*Raw data*:

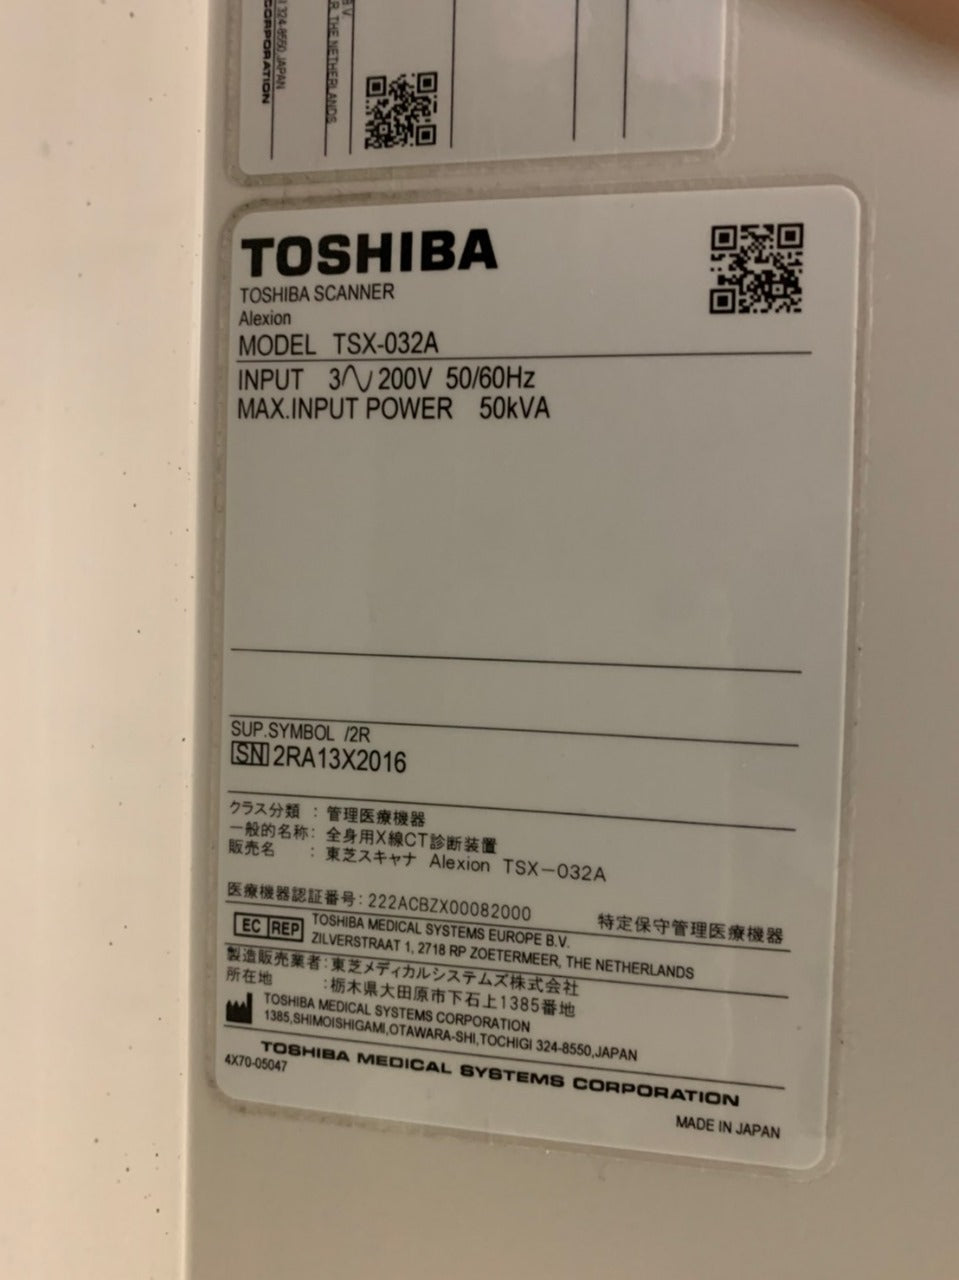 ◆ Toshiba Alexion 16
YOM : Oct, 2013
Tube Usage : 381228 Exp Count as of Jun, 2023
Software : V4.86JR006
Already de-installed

* * *

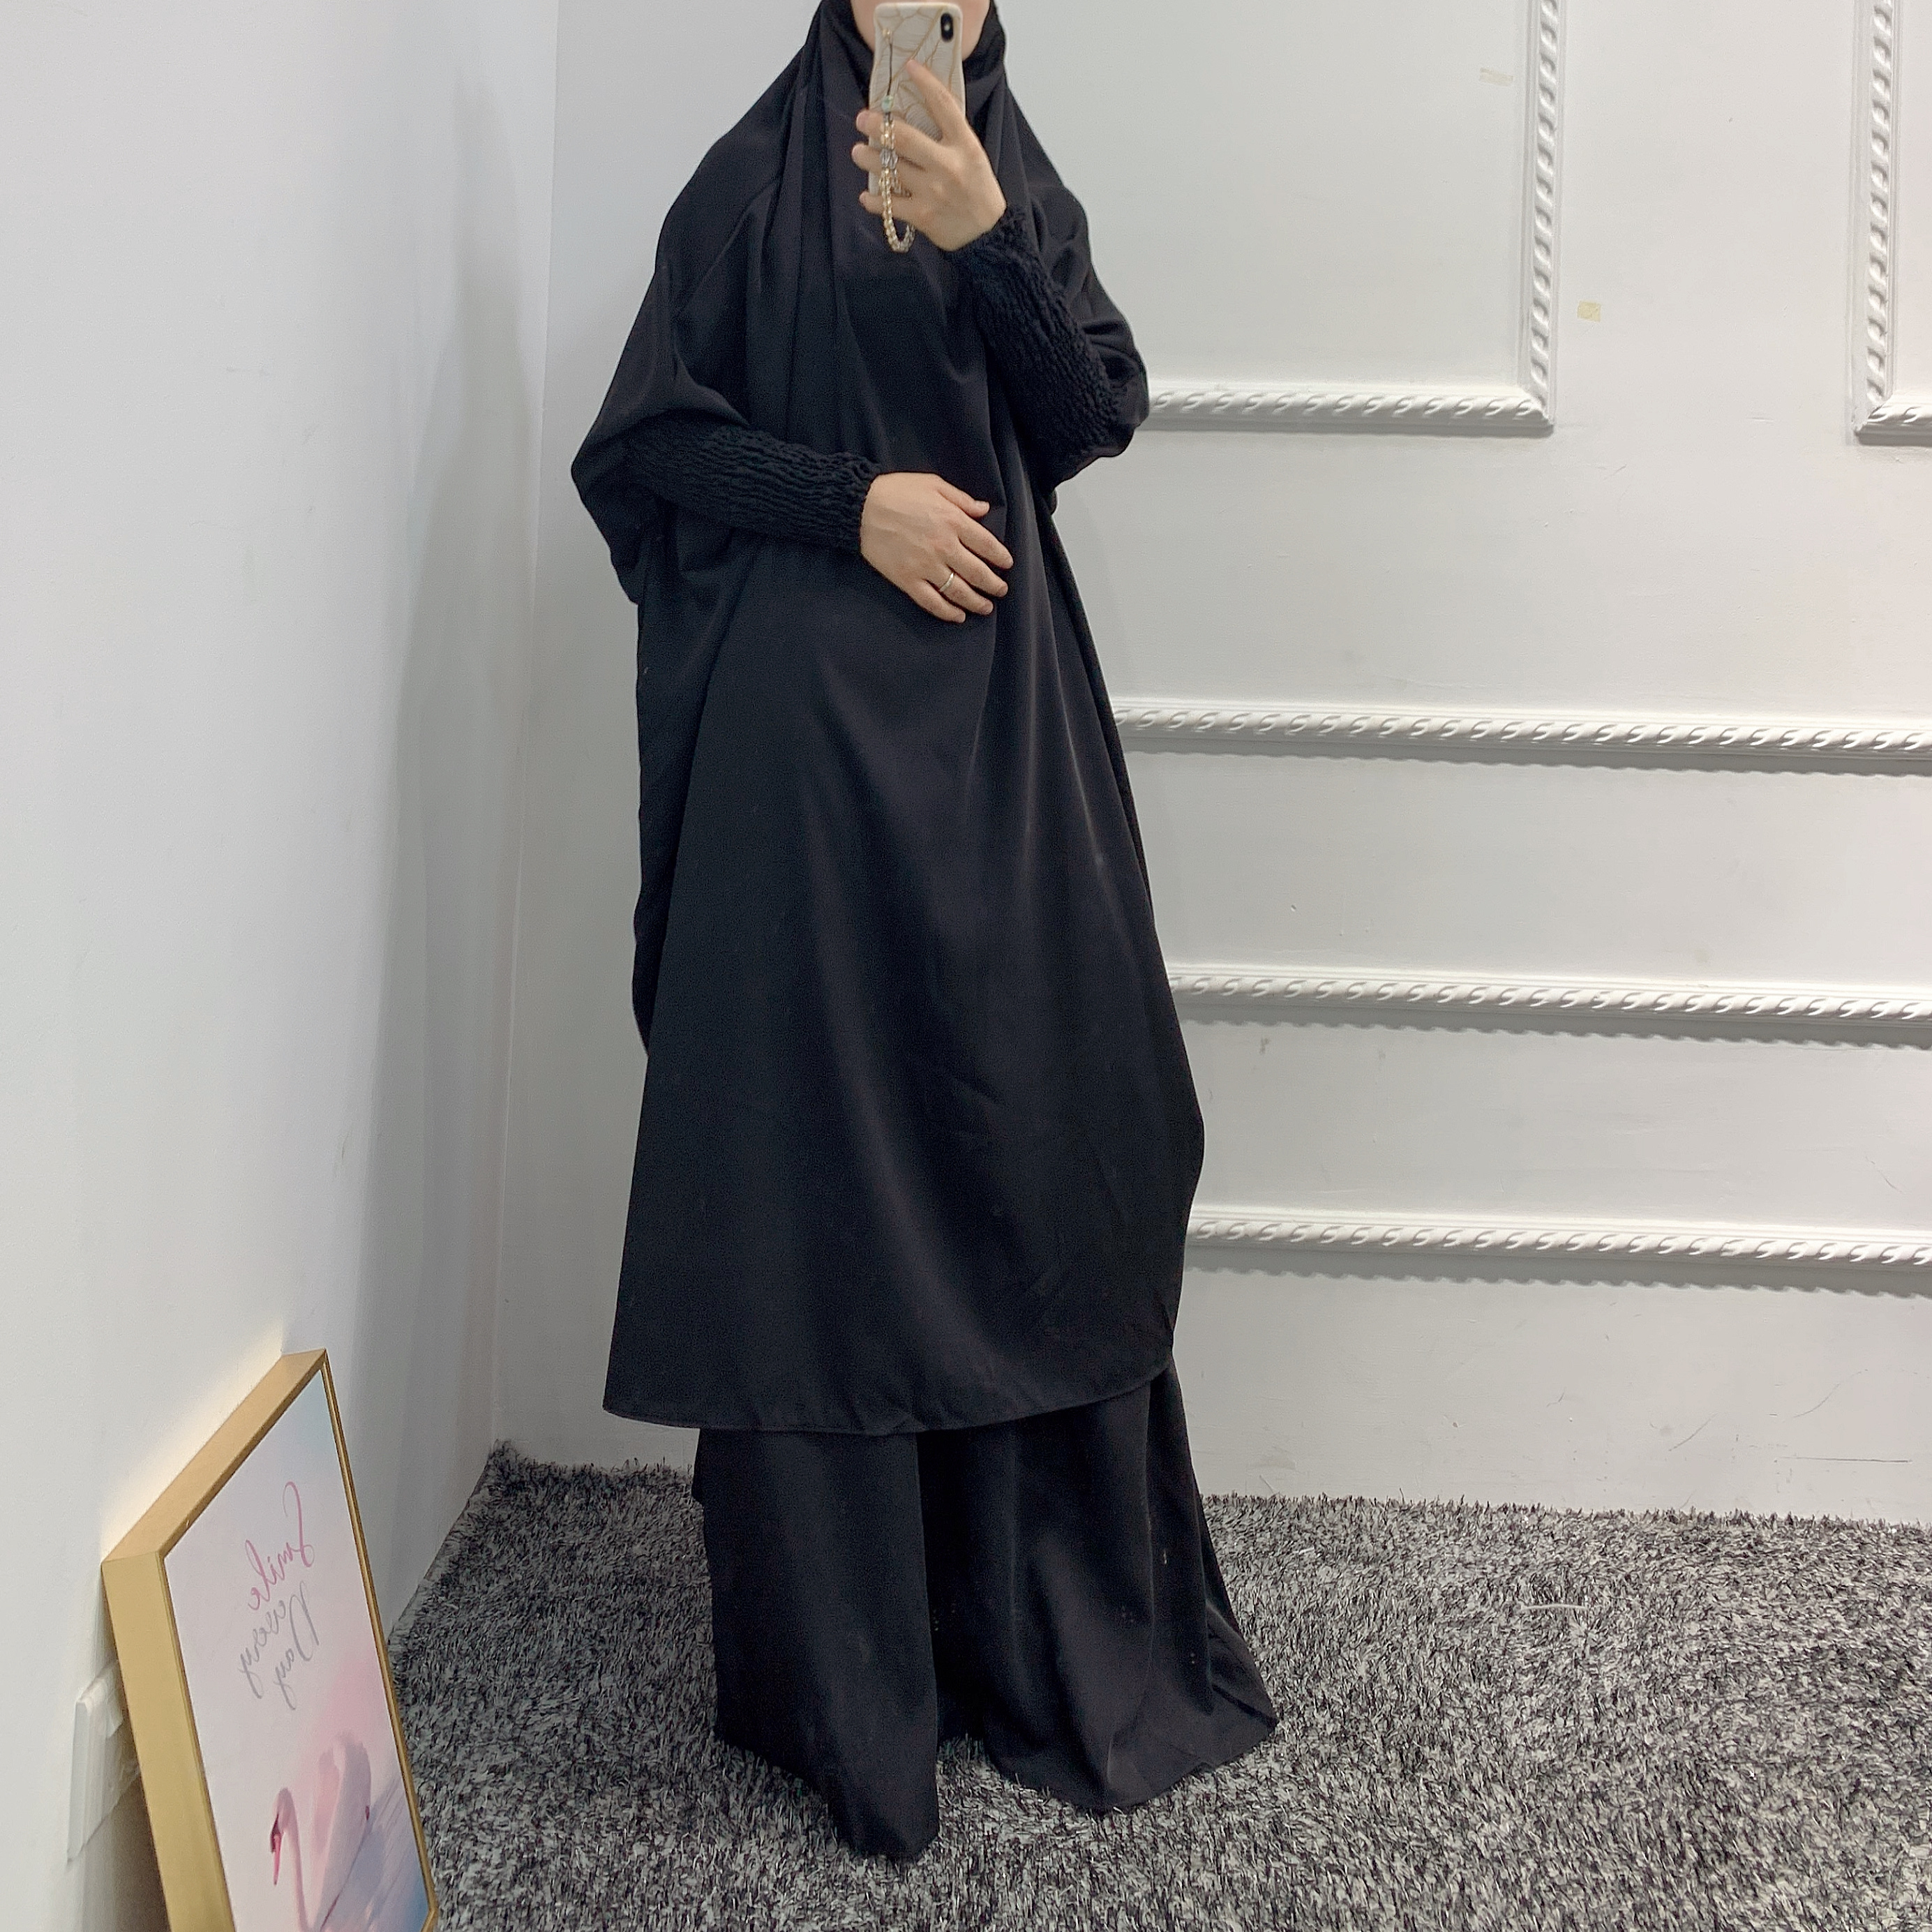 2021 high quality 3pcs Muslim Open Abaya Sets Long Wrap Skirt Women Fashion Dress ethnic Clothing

*Work instruction*: Copy the lines above exactly. Start with the line containing "YOM : Oct, 2013", end with the line containing "Already de-installed", and include both.

*Exercise result*:
YOM : Oct, 2013
Tube Usage : 381228 Exp Count as of Jun, 2023
Software : V4.86JR006
Already de-installed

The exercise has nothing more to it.